**Stored data entries**.
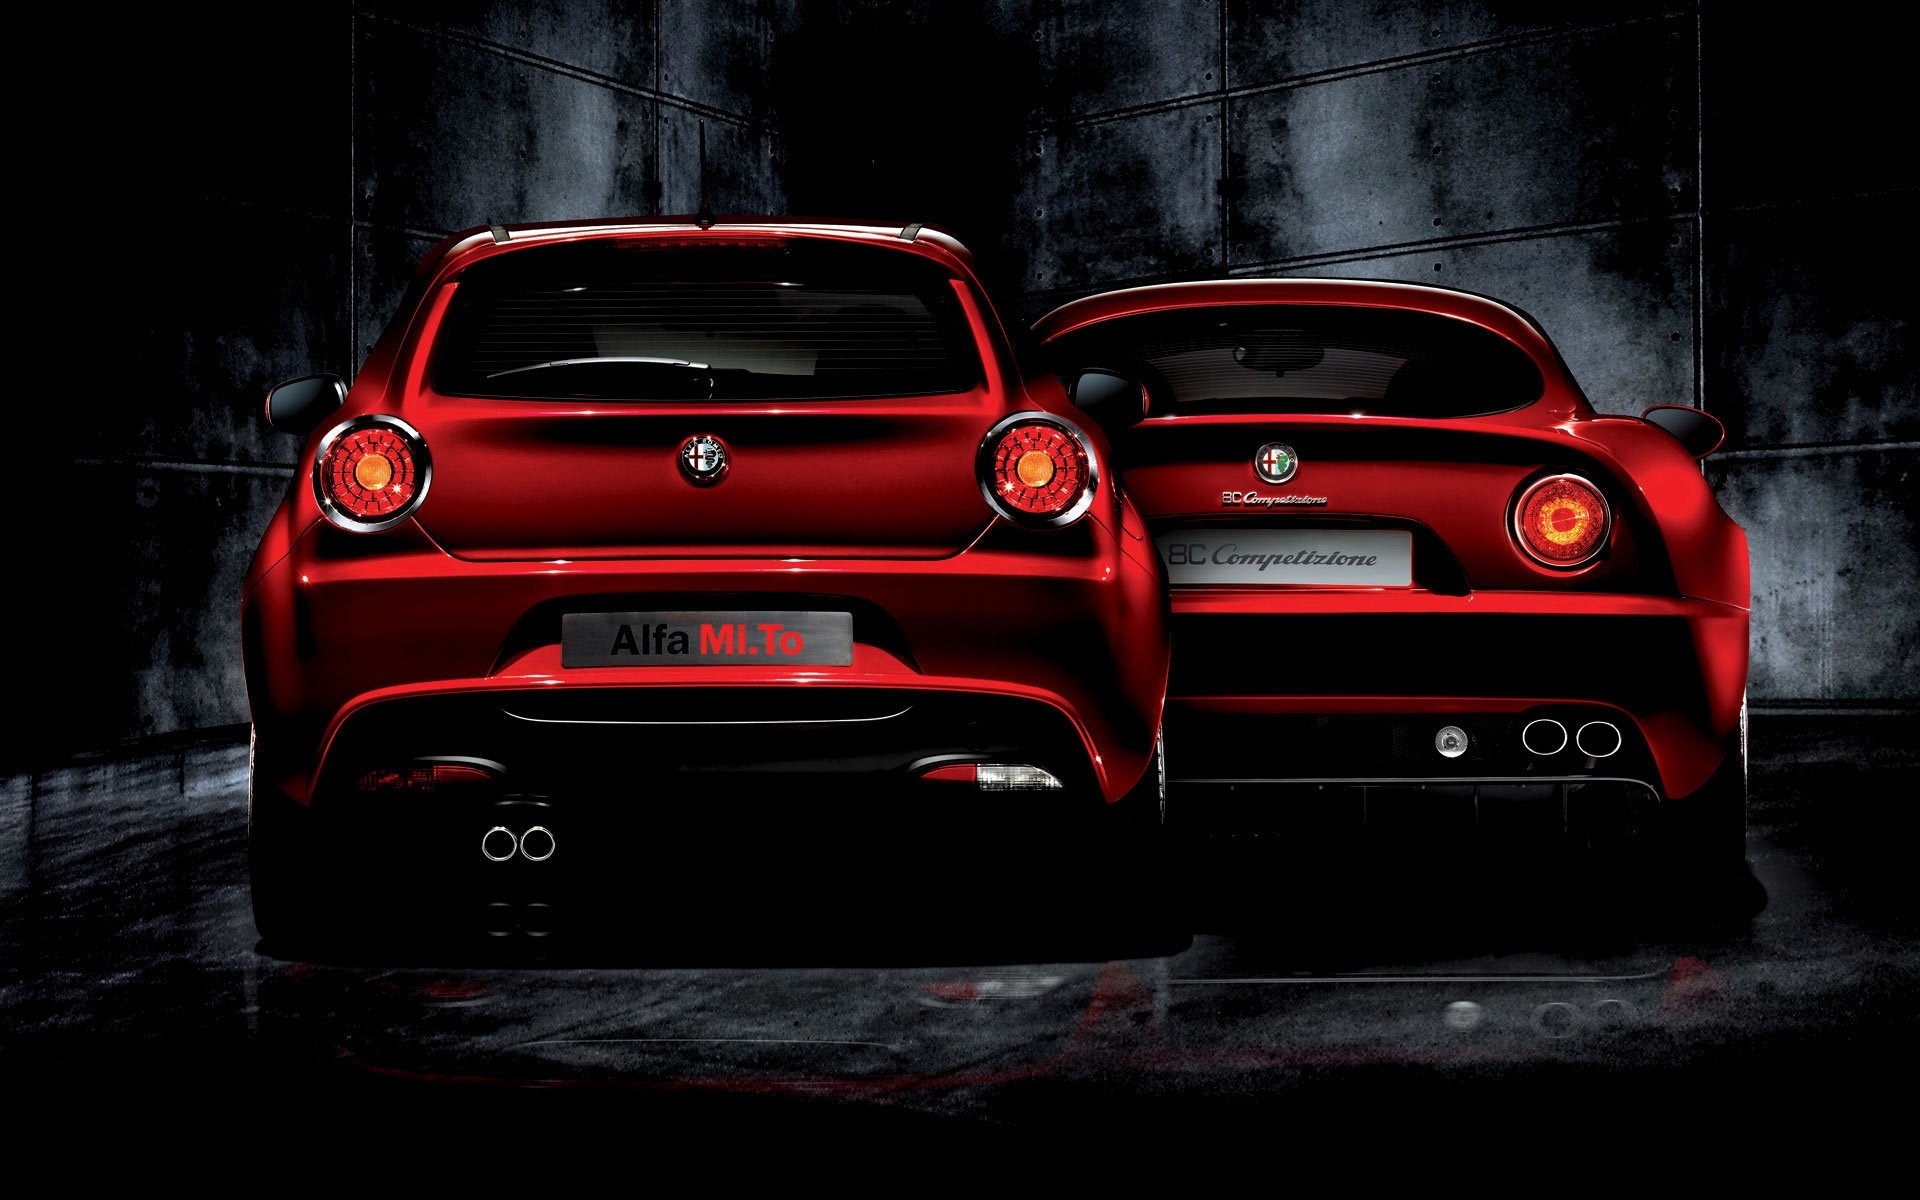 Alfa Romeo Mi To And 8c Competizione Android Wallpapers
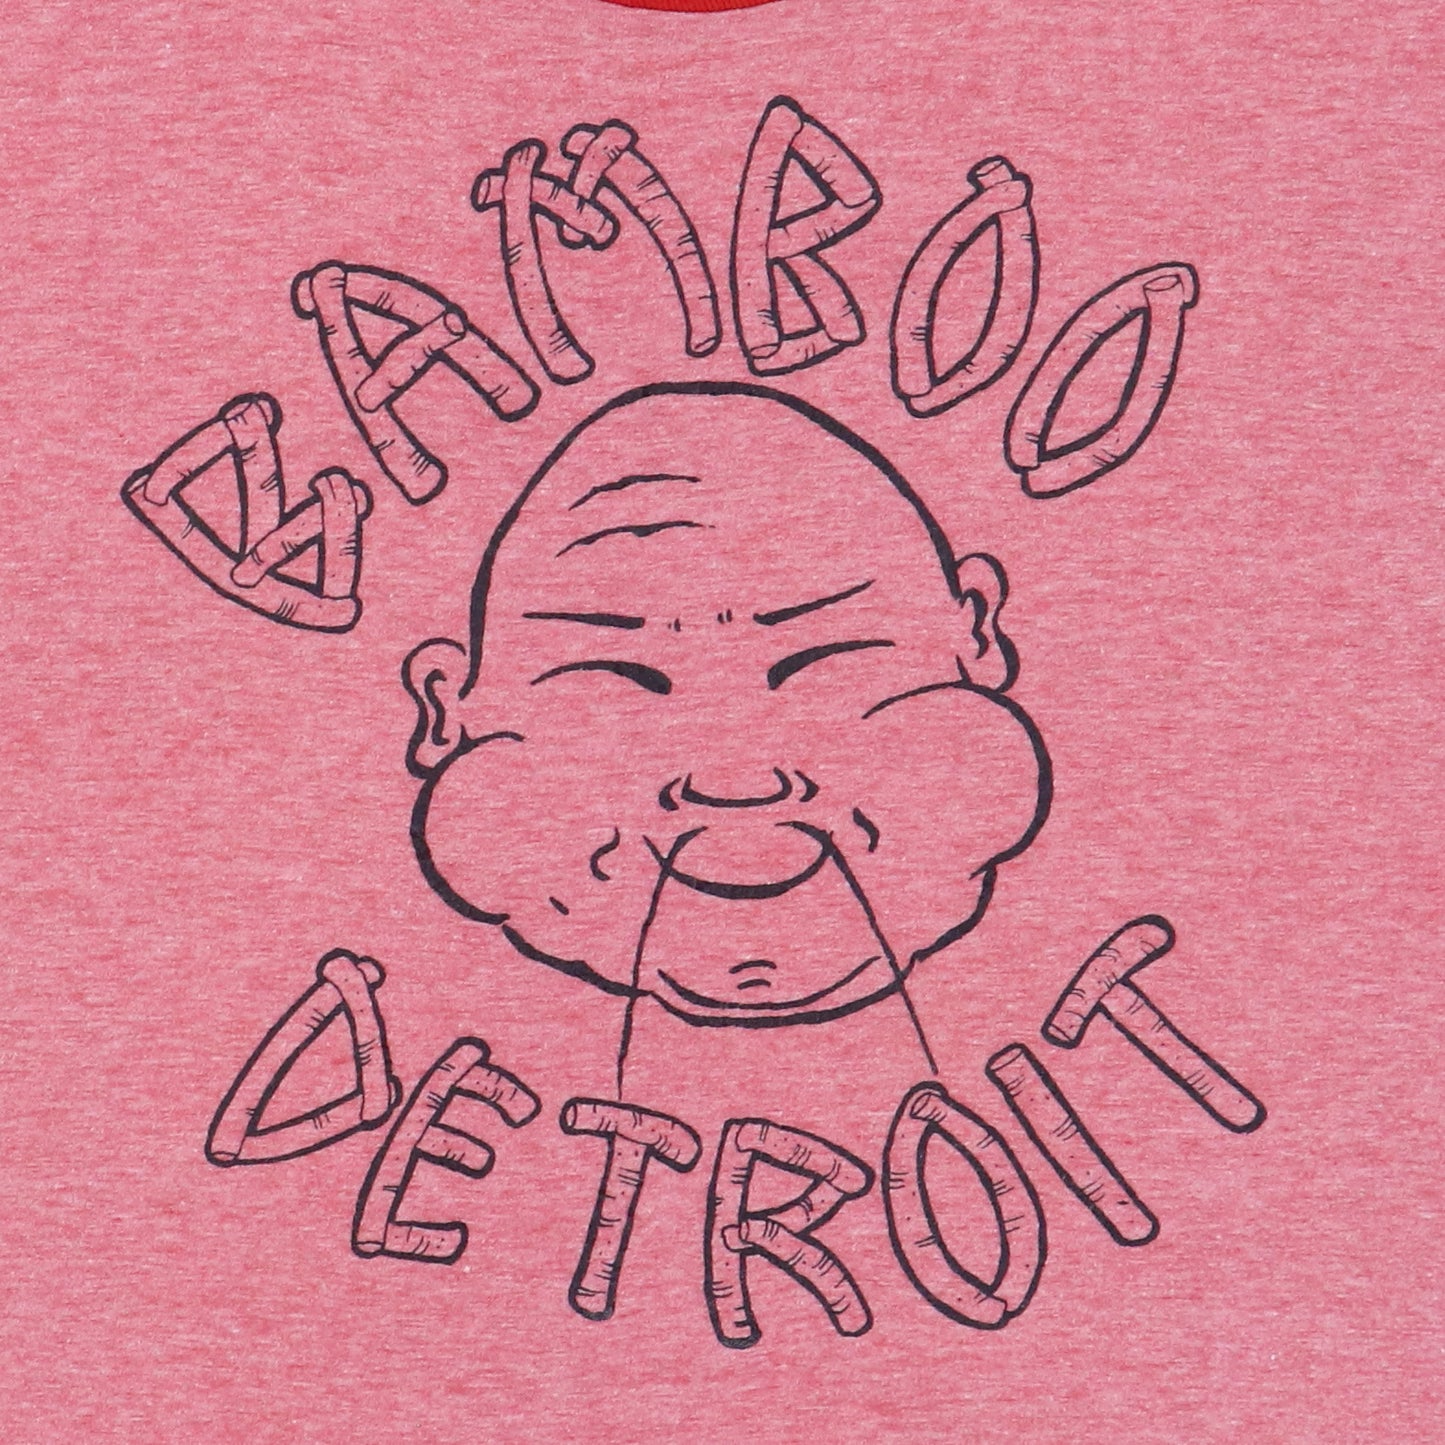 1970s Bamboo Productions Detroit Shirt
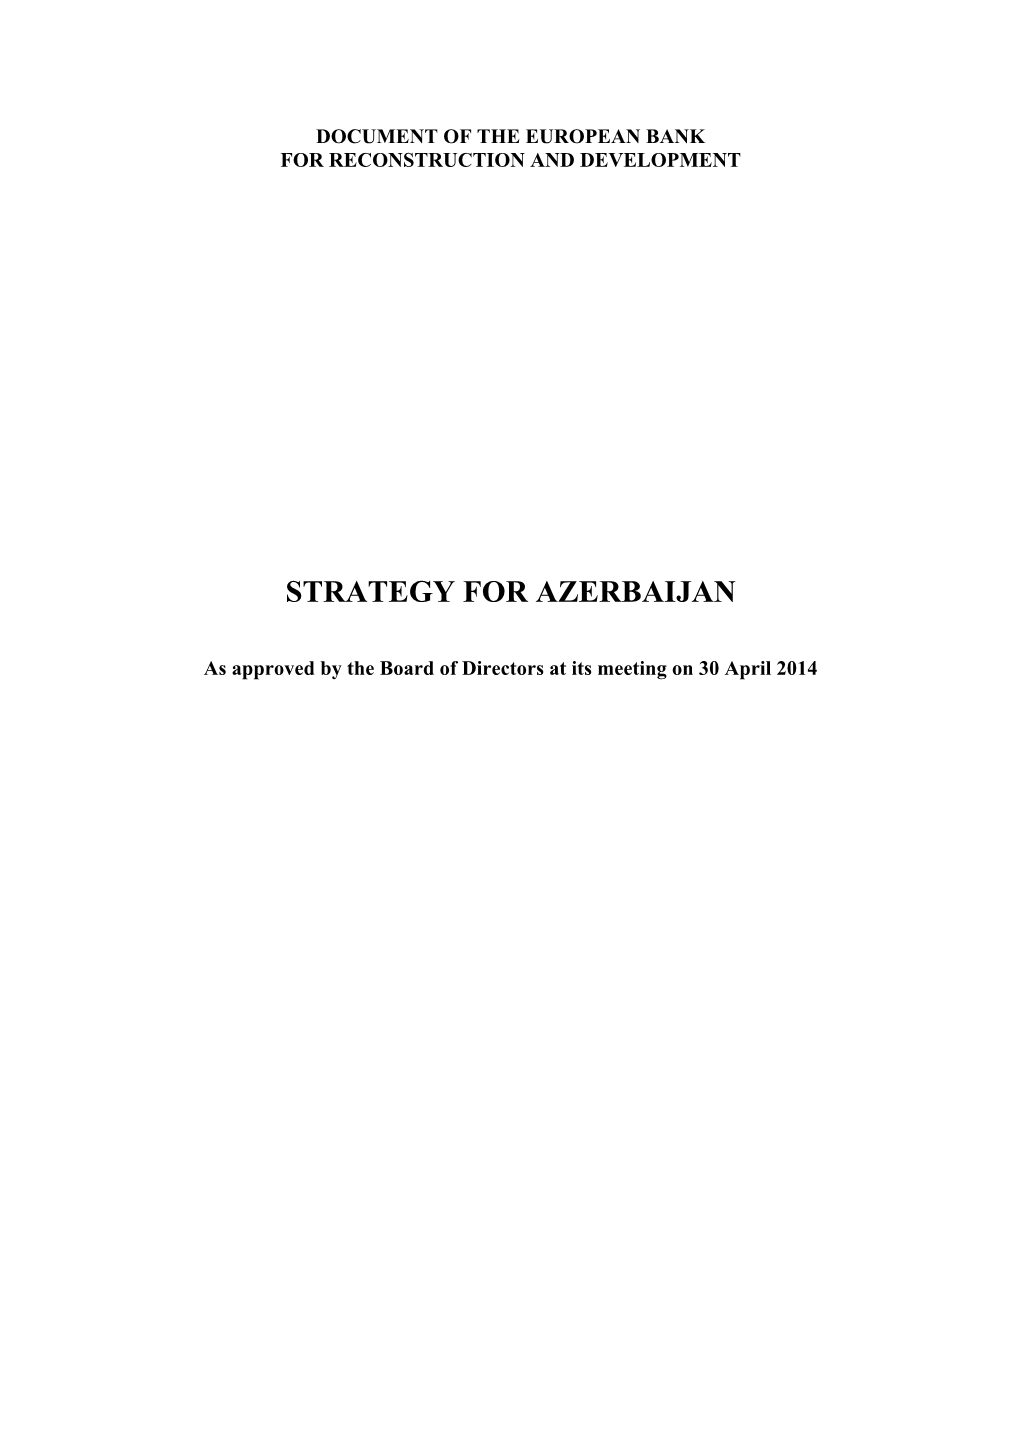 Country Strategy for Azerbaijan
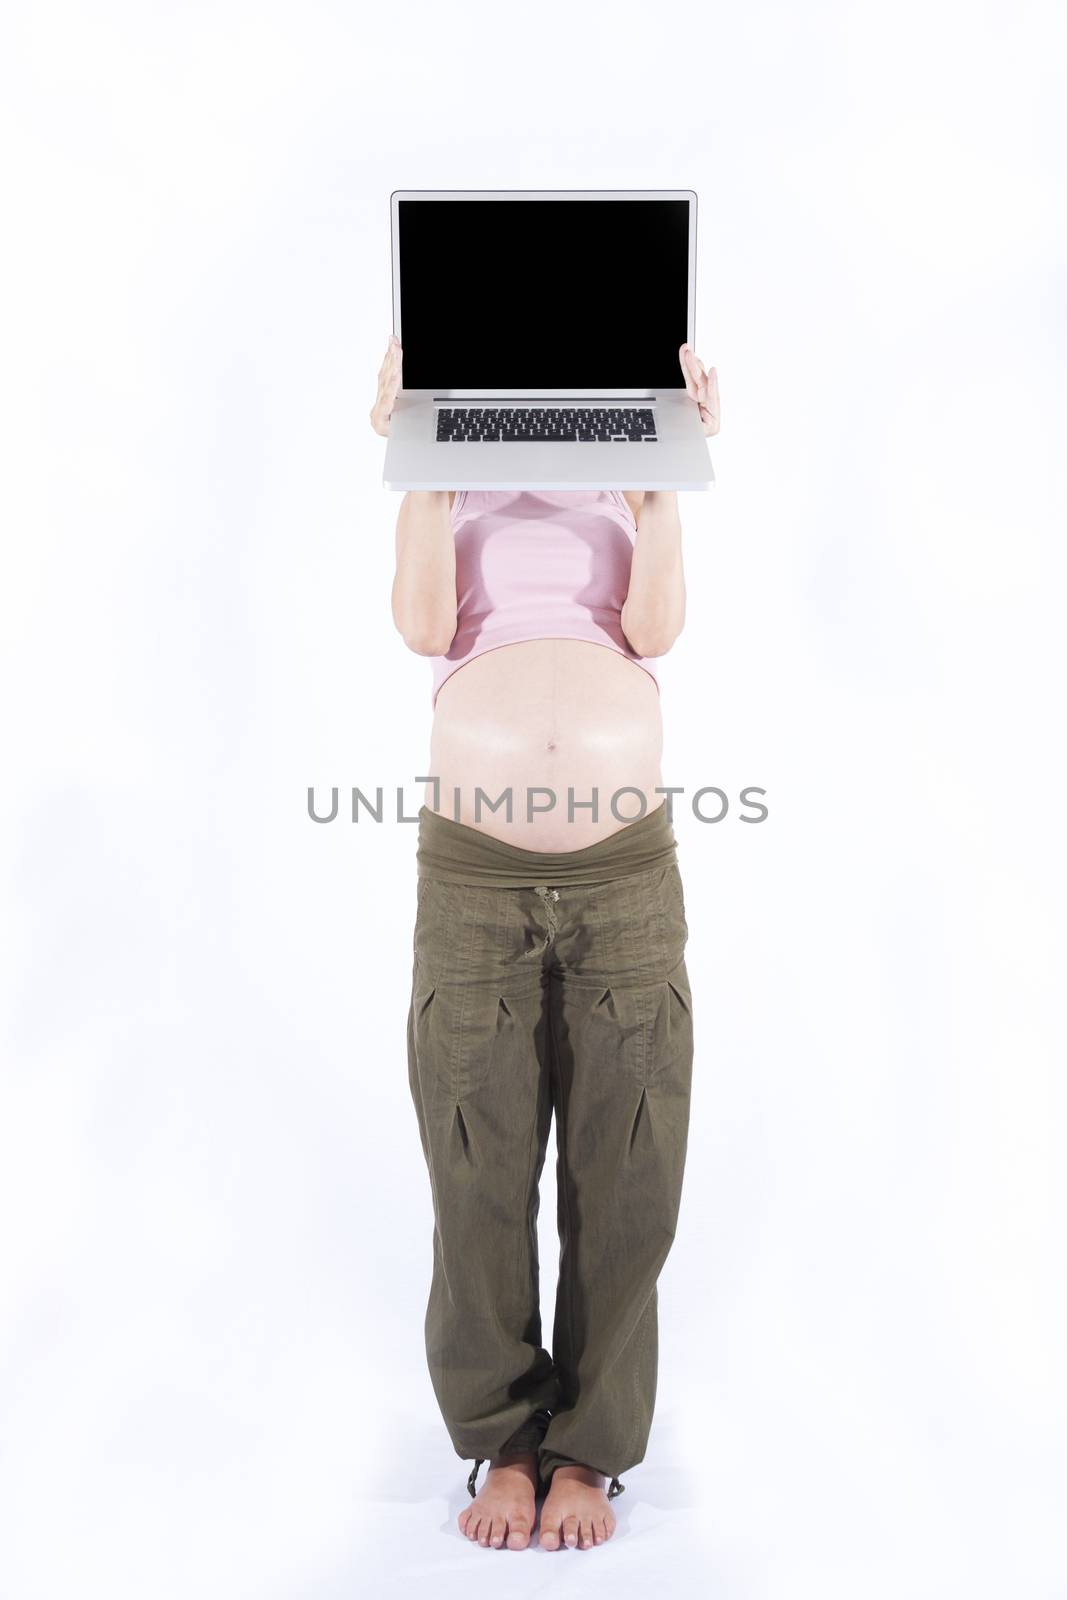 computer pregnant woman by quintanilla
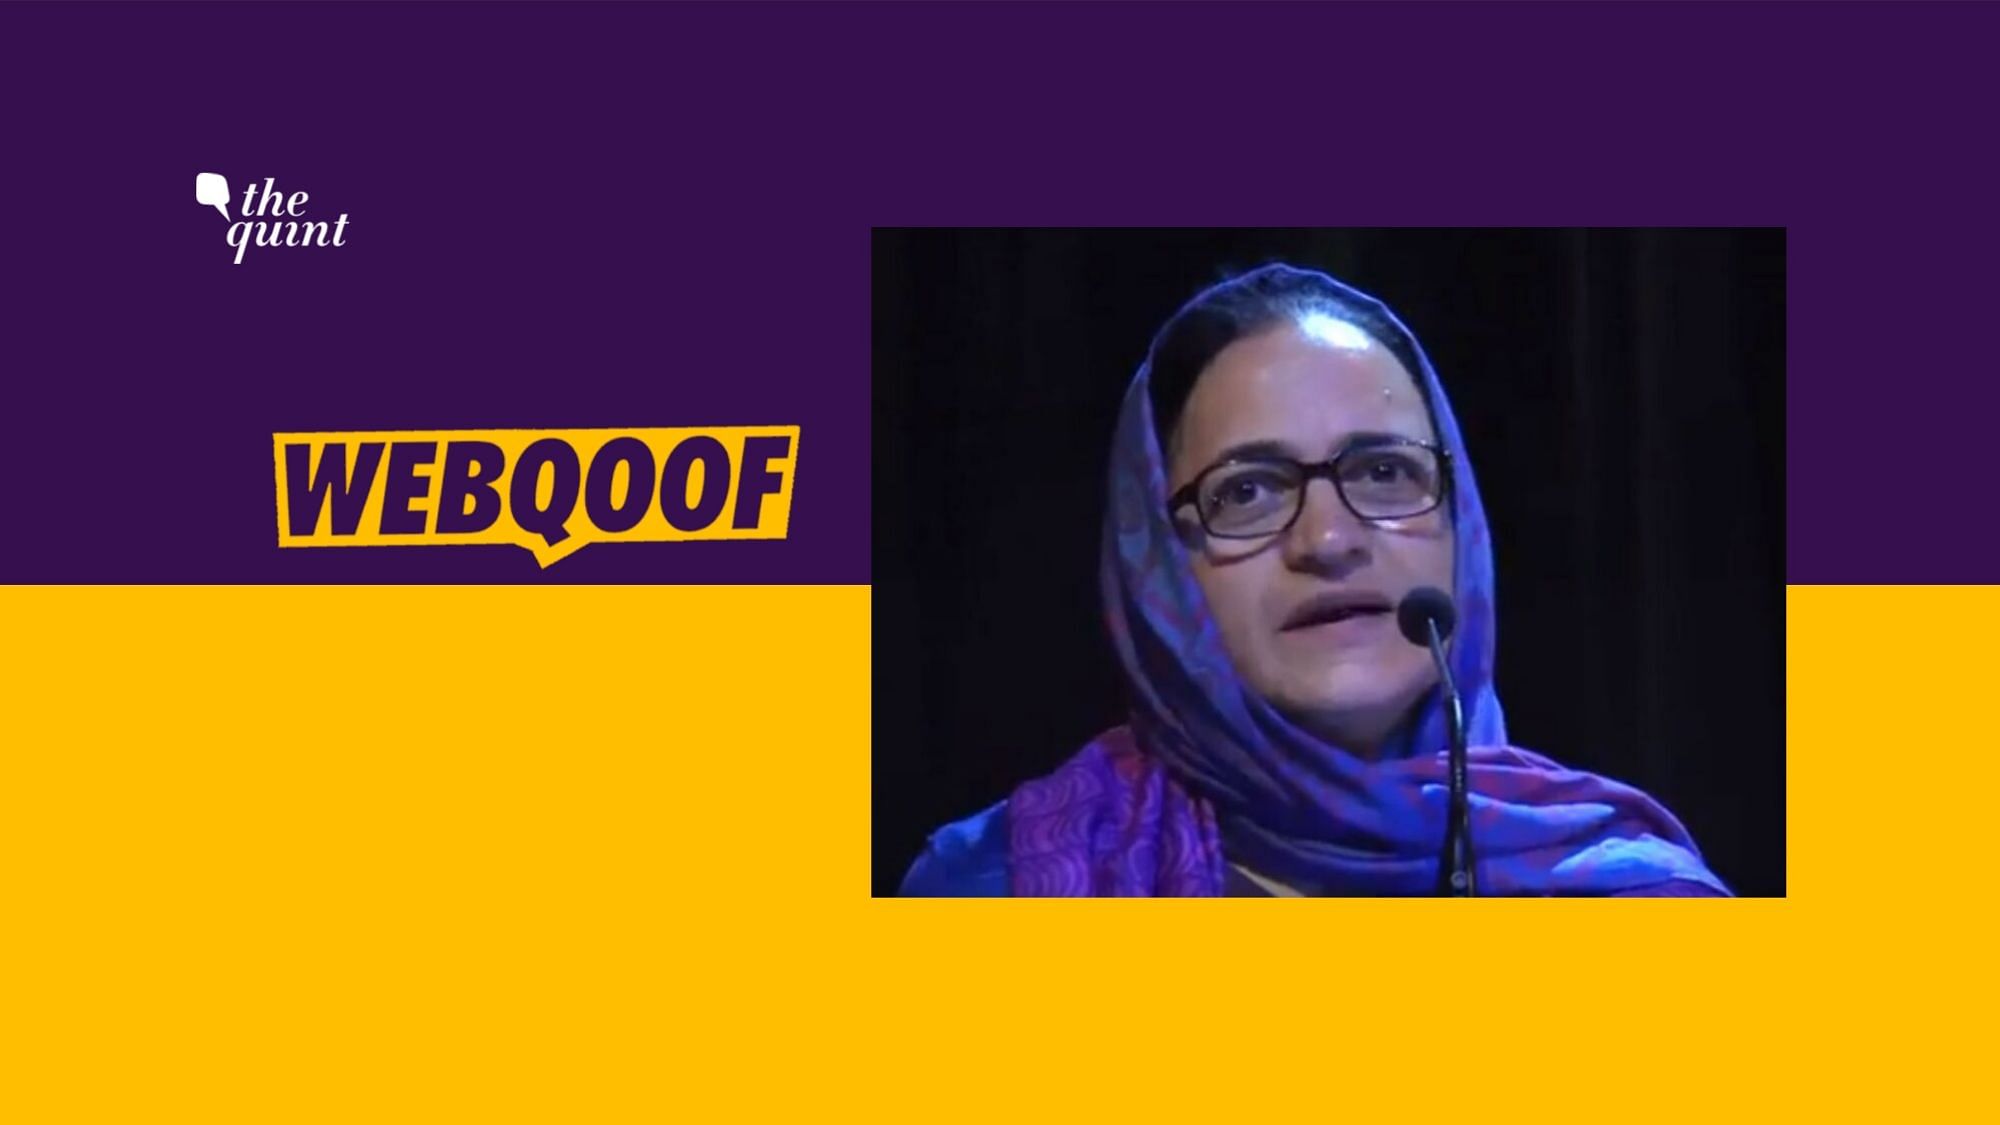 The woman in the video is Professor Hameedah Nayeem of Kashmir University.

**What you will do**. Please copy the entries in full. Leave each image out.

**Exercise output**.
 Alfa Romeo Mi To And 8c Competizione Android Wallpapers
 1970s Bamboo Productions Detroit Shirt
 Country Strategy for Azerbaijan
 computer pregnant woman by quintanilla
 The woman in the video is Professor Hameedah Nayeem of Kashmir University.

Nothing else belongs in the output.